Purpose
To map quantified autofluorescence (AF) of human retinal pigment epithelium (RPE) at different stages of AMD relative to age-matched controls with healthy maculas.
Methods
Human chorioretinal tissue (25 donors (69-95 years) were fixed in paraformaldehyde <4 hr after death. Internal fundus examination revealed different AMD stages: incipient and early (n=18), late atrophic (2), and neovascular AMD (5). Incipient and early AMD had qualitatively similar RPE pathology (Ach ARVO2014). RPE flat-mounts preserved the foveal position. RPE cytoskeleton (labeled with AlexaFluor647-phalloidin) and AF (exc. 460-490 nm, em. > 505 nm) were imaged on a spinning disk fluorescence microscope. AF was normalized to a fluorescence reference (Delori, PMID 22016060). Custom FIJI plugins compared normalized AF to 9 age-matched healthy RPE flatmounts (Ach, PMID 25034602). Difference maps plotted mean log pairwise ratios vs. all controls for each eye (i.e., difference of logs).
Results
Normalized AF is variable among AMD donor eyes, as in age-matched normal eyes.

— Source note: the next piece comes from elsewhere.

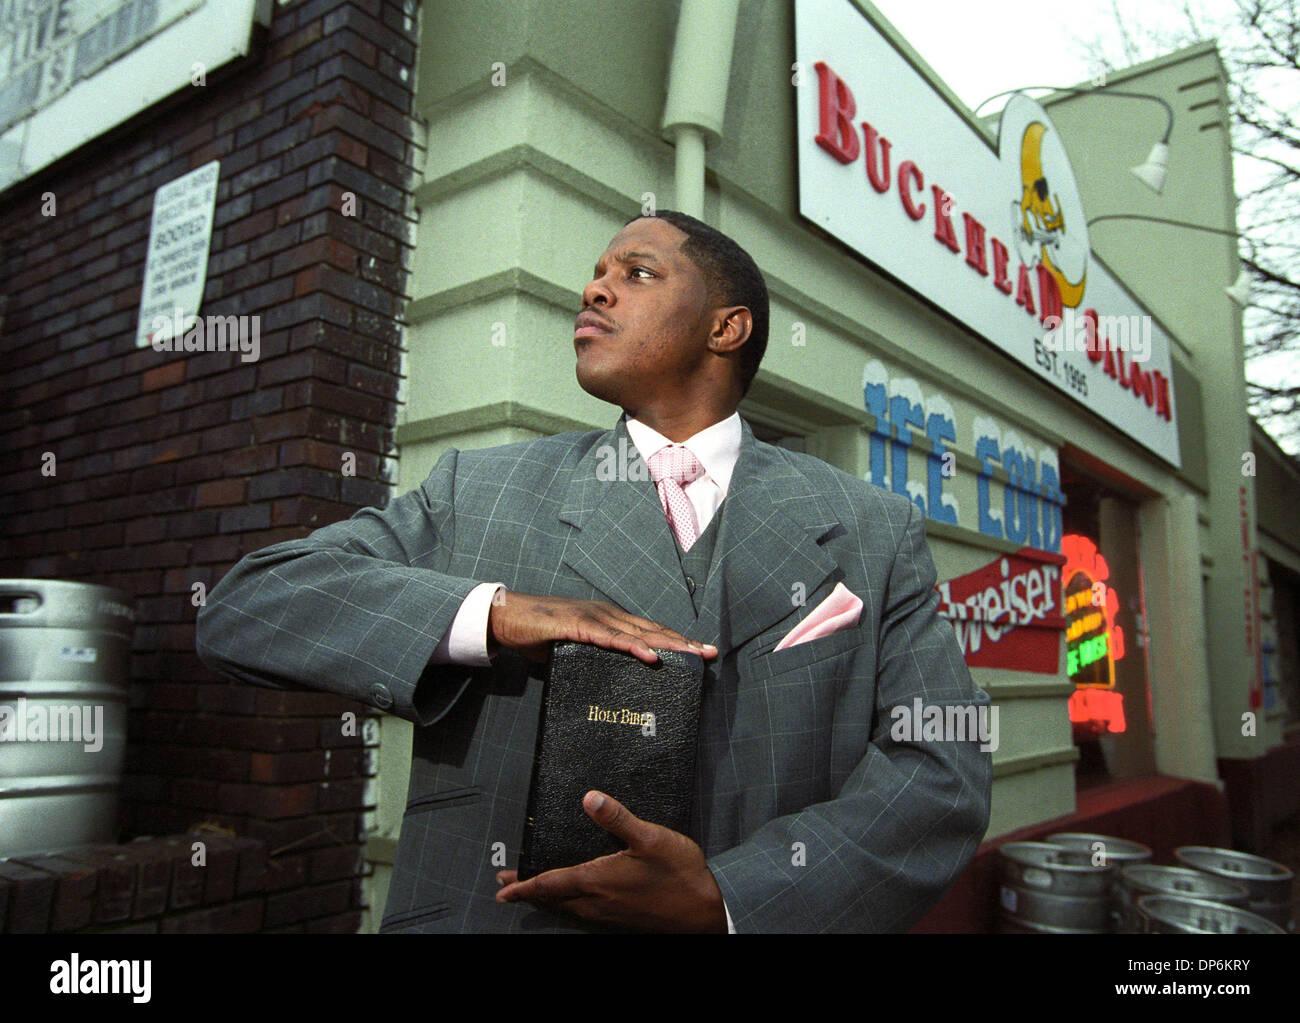 Oct 19, 2006; Atlanta, GA, USA; Former bad boy rap artist ...

AF levels in AMD tissues are below levels measured for controls (Figure for example). Only a few eyes show similar or higher AF levels, presumably independent from AMD stage. In 9 of 20 eyes with incipient, early, or late atrophic AMD, AF was particularly lower on the inner slope of the rod ring (< 4 mm eccentricity from the fovea, Curcio PMID 2324310). In remaining eyes no specific sub-regional predilection was discerned. AF was independent of AMD stage.
Conclusions
This is the first systematic analysis of quantified histological AF in AMD eyes. Normal aging leads to increased AF in the perifovea and near periphery (1.25-2.75 and 2.75-4.25 mm eccentricity per Polyak; Ach, PMID 25034602) reflecting high density of rods. In AMD eyes the perifovea is characterized by noticeably reduced AF, indicating the spatial non-correspondence between areas of high lipofuscin-attributable AF and RPE loss. Unchanged or high AF in some tissues suggests additional factors regulating AF that may be best characterized in longitudinal imaging of genetically defined patient populations.